Positivity impairments in BPD

Positivity impairments can be defined as alterations in the experience of positive affect as well as alterations in the processing of positive information [810]. Concerning the experience of positive affect, there is robust evidence that individuals with BPD experience less positive affect in their daily life (e.g., [11, 12]) and report to down-regulate positive affect (e.g., [13]). Moreover, individuals with BPD experienced positive affective states (e.g. to feel accepted, to feel safe) and cognitive states (e.g., “I trust myself”) less frequently than individuals with another personality disorder [14]. Importantly, these impairments seem to predict recovery of BPD over time [15].

Concerning the processing of positive information, research revealed that individuals with BPD process positive information in a more negative manner. For example, individuals with BPD experienced less positive emotions such as pride and happiness after reading self-relevant appreciating sentences [16] and rated positive, self-relevant words as more negative than a non-clinical control group [17]. Moreover, individuals with BPD seem to be impaired in the processing of positive social feedback. An experimental study indicated that individuals with BPD integrate negative self-relevant social feedback to a greater extent than positive social feedback [18], while healthy individuals show the opposite updating bias (integrating positive feedback to a greater extent than negative). Another experimental study indicated that individuals with BPD change their social expectations in response to negative, but not positive, social feedback [19].
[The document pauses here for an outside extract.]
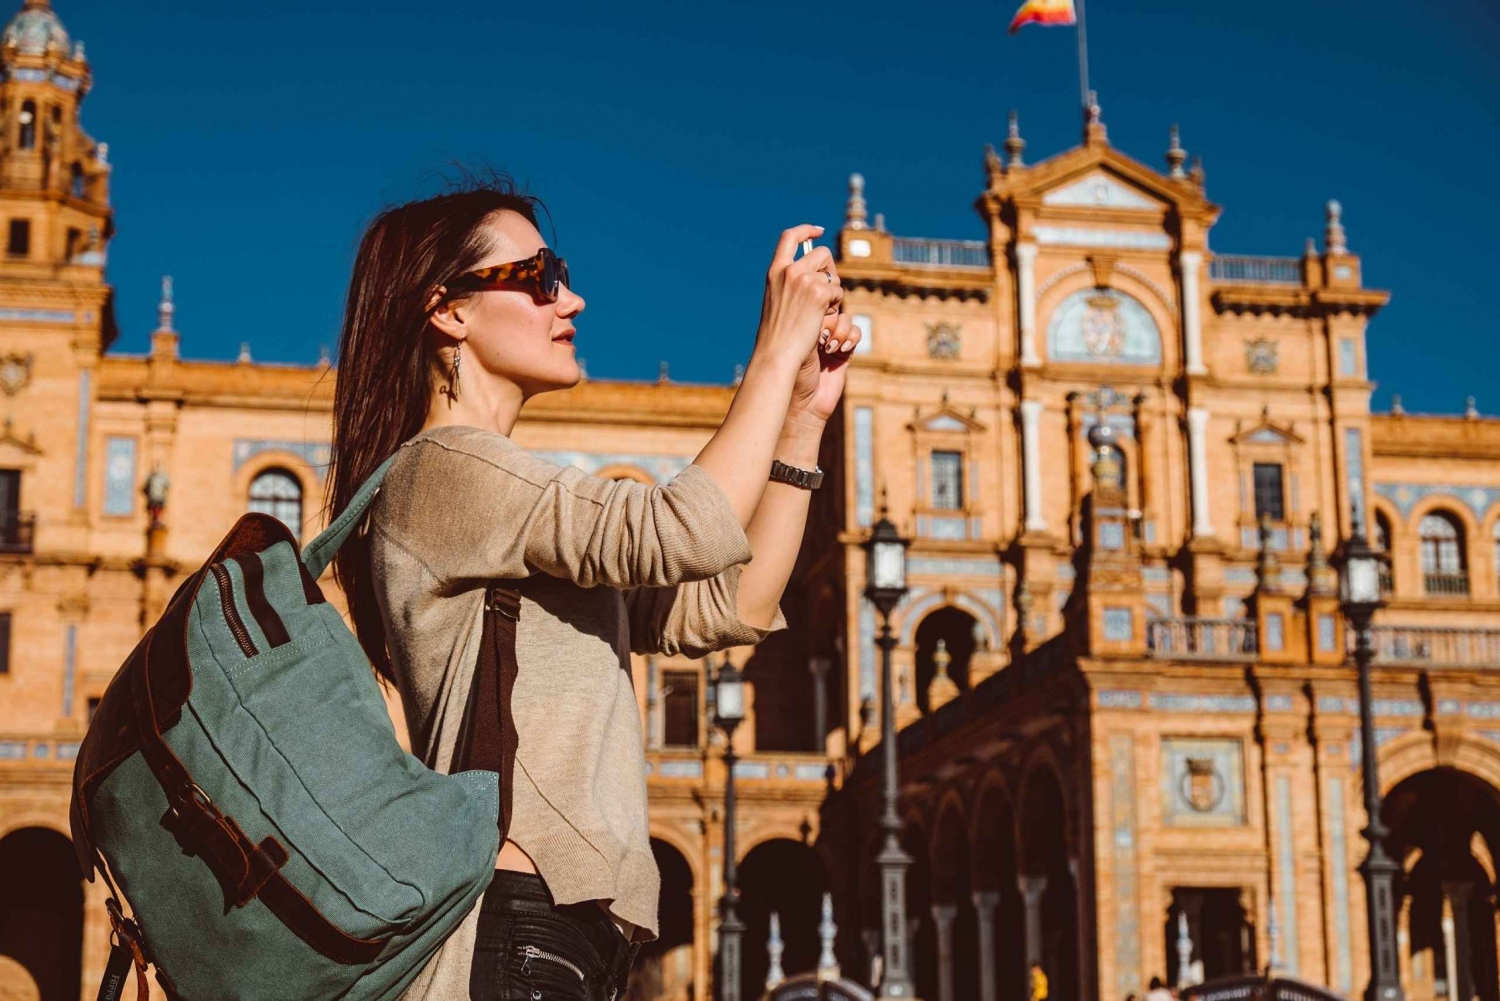 Full-Day Tour of Seville from Costa del Sol

Hence, there is evidence for positivity impairments in BPD, which includes relevant findings for alterations in the processing of positive social feedback. However, it is not known if individuals with BPD appraise a positive social feedback/ evaluation differently.

Fear of positive evaluation

Fear of evaluation is a hallmark feature of individuals with social anxiety disorder (SAD; [20]). Most research focused on fear of negative evaluation in SAD [1, 21]. However, recent research indicates that individuals with SAD are also characterized by fear of positive evaluation (e.g., [22, 23]). Fear of positive evaluation is defined as fearing others’ favorable social appraisal [22].
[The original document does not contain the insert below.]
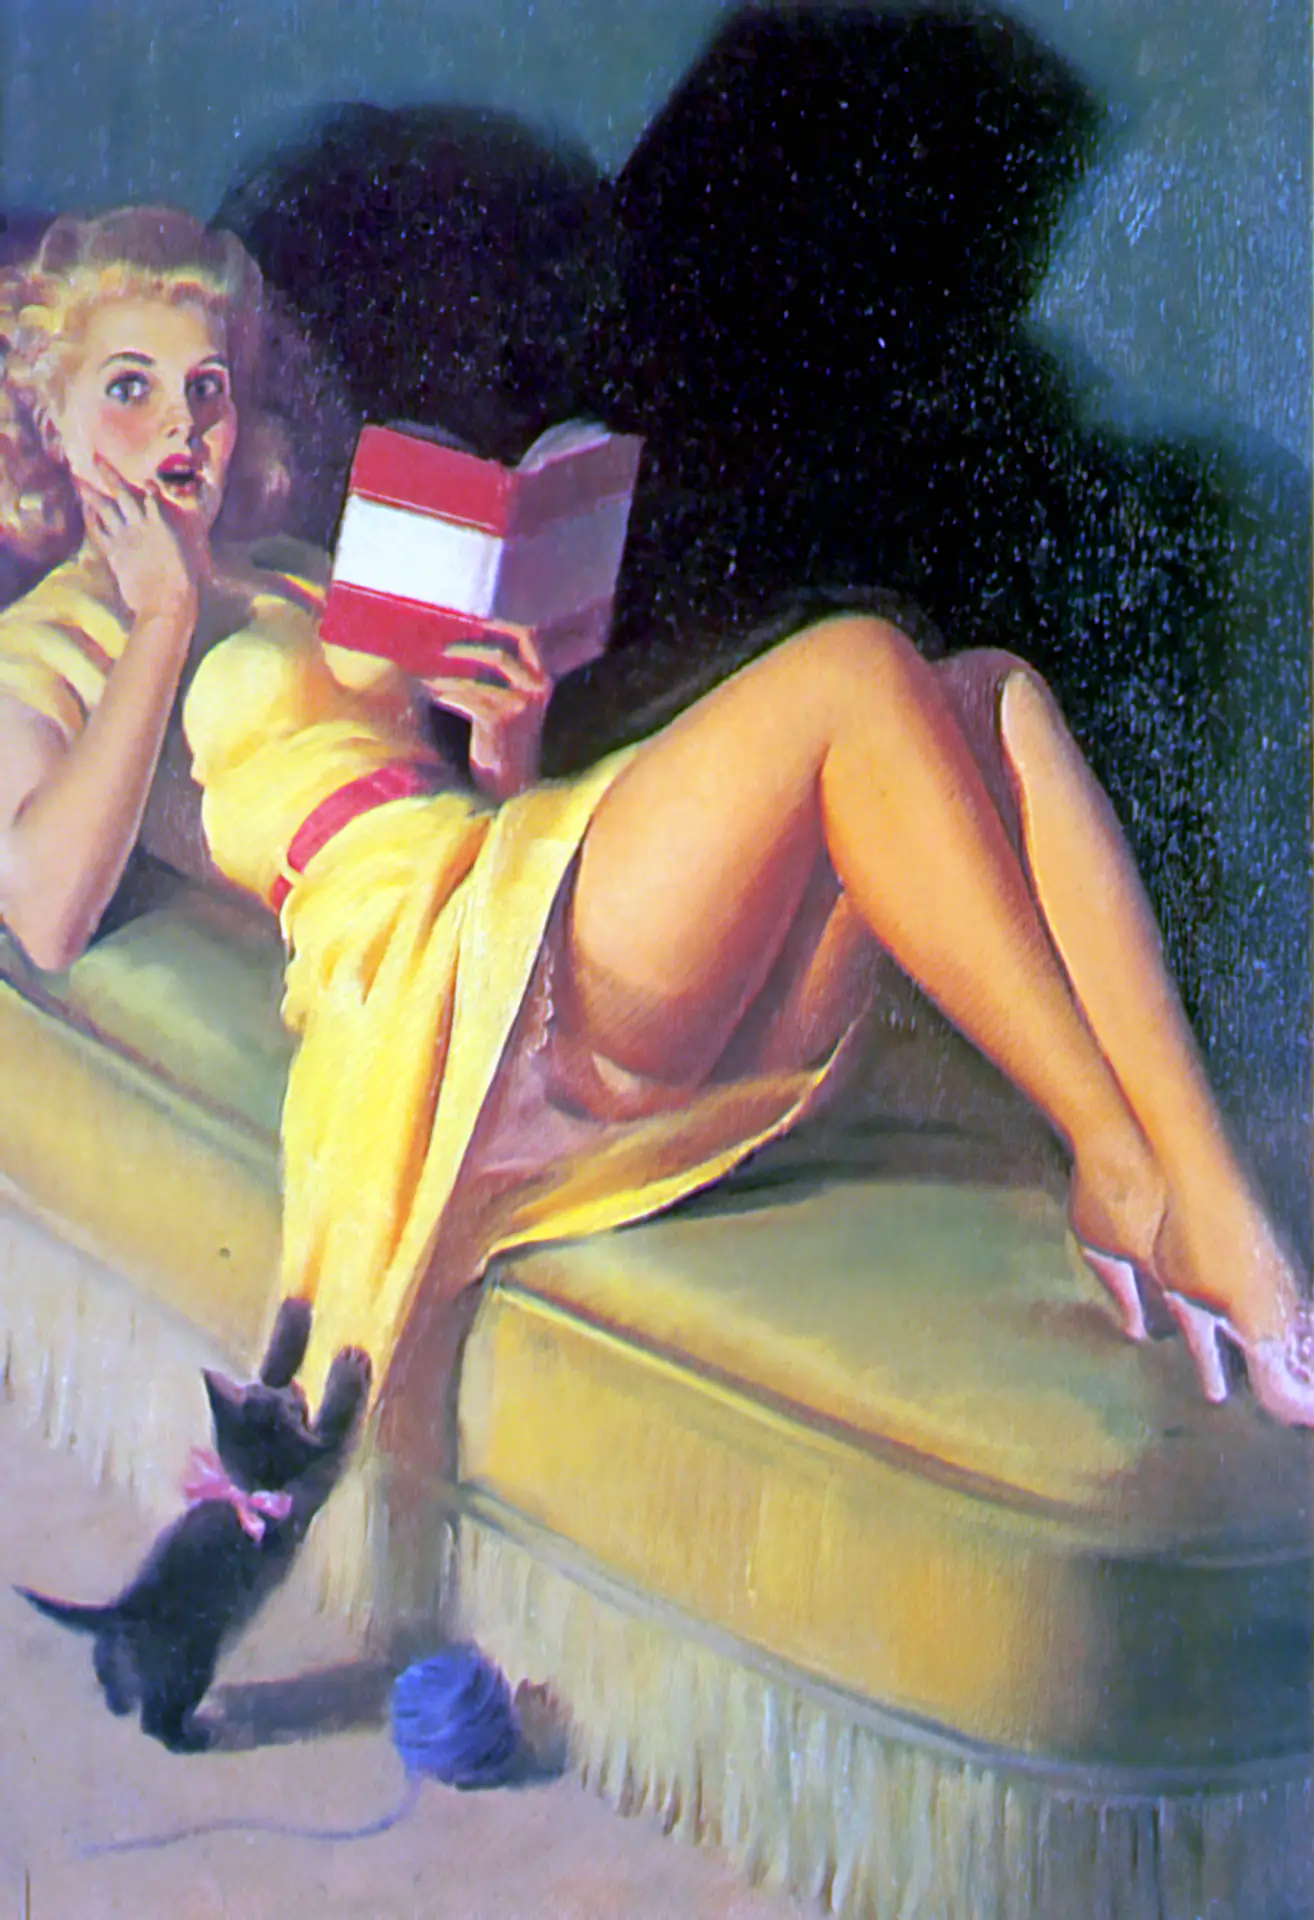 Scared classic blonde babe reads a book and exposes her long legs

The evolutionary model of social anxiety describes why social anxiety is characterized by fear of positive and negative evaluation [24]. According to this model, individuals in a group try to avoid a decrease, but also an increase in the social rank, as the latter might lead to conflicts with more dominant group members. Consequently, fear of negative and positive evaluation is adaptive for social individuals as it decreases the likelihood of social conflicts.

Fear of positive evaluation has rarely been studied in other mental disorders than SAD and, to our knowledge, has not been studied in BPD. Reichenberger and Bleichert [25] asked for studies on fear of positive evaluation in BPD. They argued that fear of positive evaluation in BPD might be relevant, because high fear of positive evaluation [25] as well as BPD symptoms (e.g., [26]) are associated with social impairments.

Correlates of fear of positive evaluation in BPD

There are preliminary results for an association between fear of positive evaluation and BPD symptoms. In an undergraduate sample, students with heightened symptoms of BPD reported high fear of positive evaluation [27]. However, this association disappeared when controlling for social anxiety. The author concluded that the association between BPD symptoms and fear of positive evaluation was due to high social anxiety in BPD [27].

Linehan [28] described a different approach for high fear of positive evaluation in BPD. She argued that individuals with BPD fear praise, because praise implies that the person will no longer require the support of others. In the therapeutic context, no requirement of further support could lead to the termination of sessions and the therapeutic relationship. Hence, individuals with BPD might fear positive evaluation because they fear abandonment/ rejection. This is especially interesting in the context of high rejection sensitivity in BPD (e.g., [29]).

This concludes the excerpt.